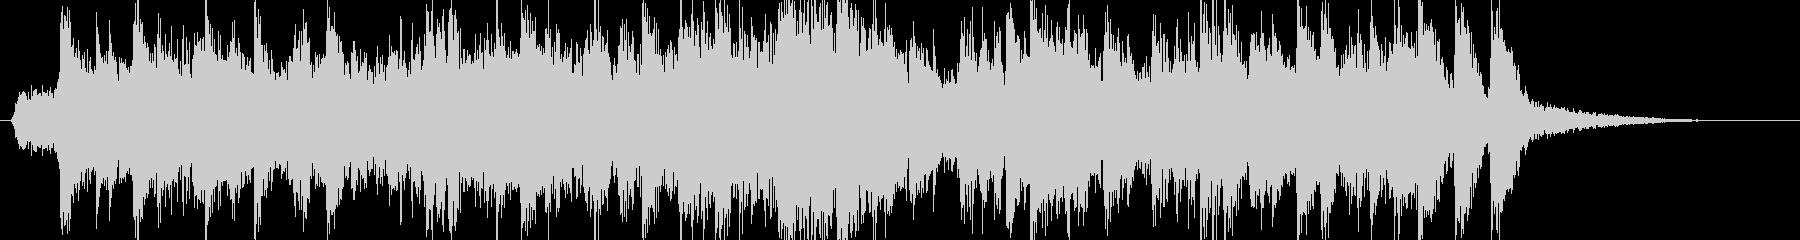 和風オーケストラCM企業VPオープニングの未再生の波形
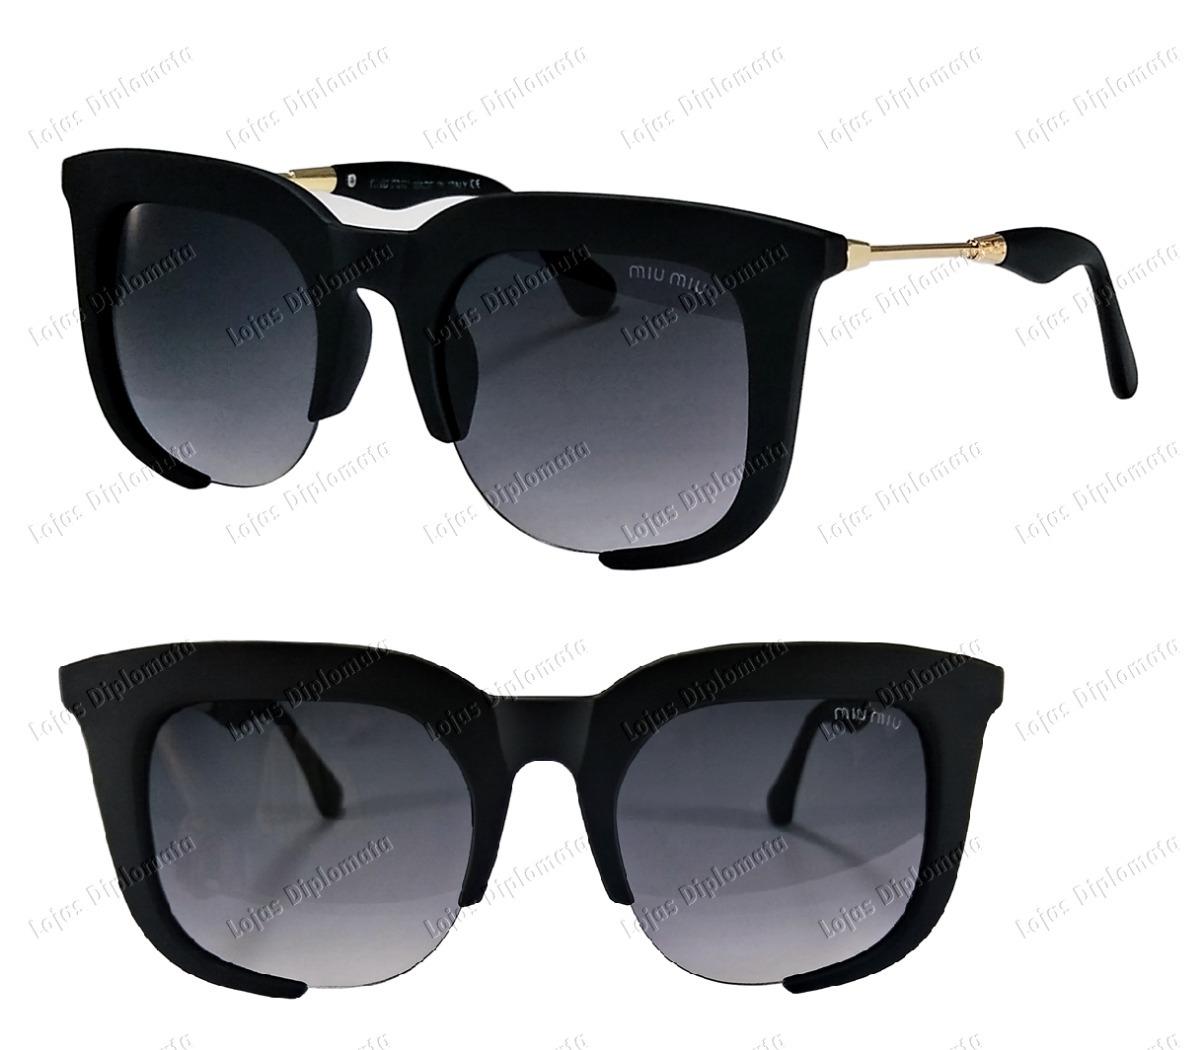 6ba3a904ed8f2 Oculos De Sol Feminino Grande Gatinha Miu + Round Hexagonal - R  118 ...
---
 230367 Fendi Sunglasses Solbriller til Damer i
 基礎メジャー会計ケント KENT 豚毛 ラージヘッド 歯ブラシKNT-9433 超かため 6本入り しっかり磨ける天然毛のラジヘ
* * *
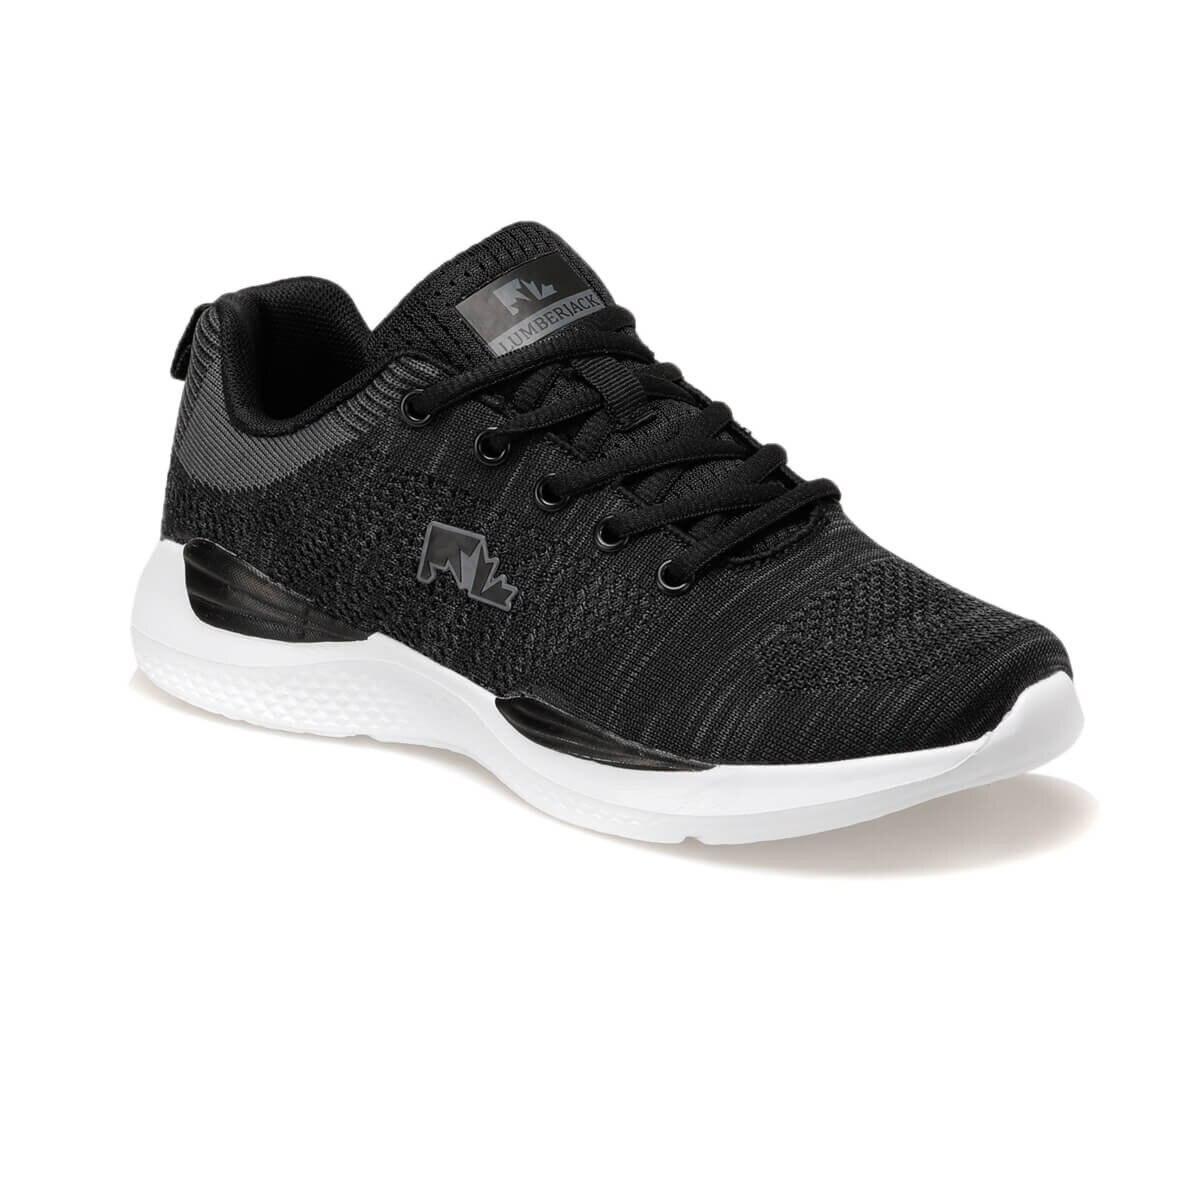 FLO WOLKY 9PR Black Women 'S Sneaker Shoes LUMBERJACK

— Exercise —
Return the material from the line containing "和風オーケストラCM企業VPオープニングの未再生の波形" through the line containing "6ba3a904ed8f2 Oculos De", exactly and in full, but without its pictures.

— Written answer —
 和風オーケストラCM企業VPオープニングの未再生の波形
 6ba3a904ed8f2 Oculos De Sol Feminino Grande Gatinha Miu + Round Hexagonal - R  118 ...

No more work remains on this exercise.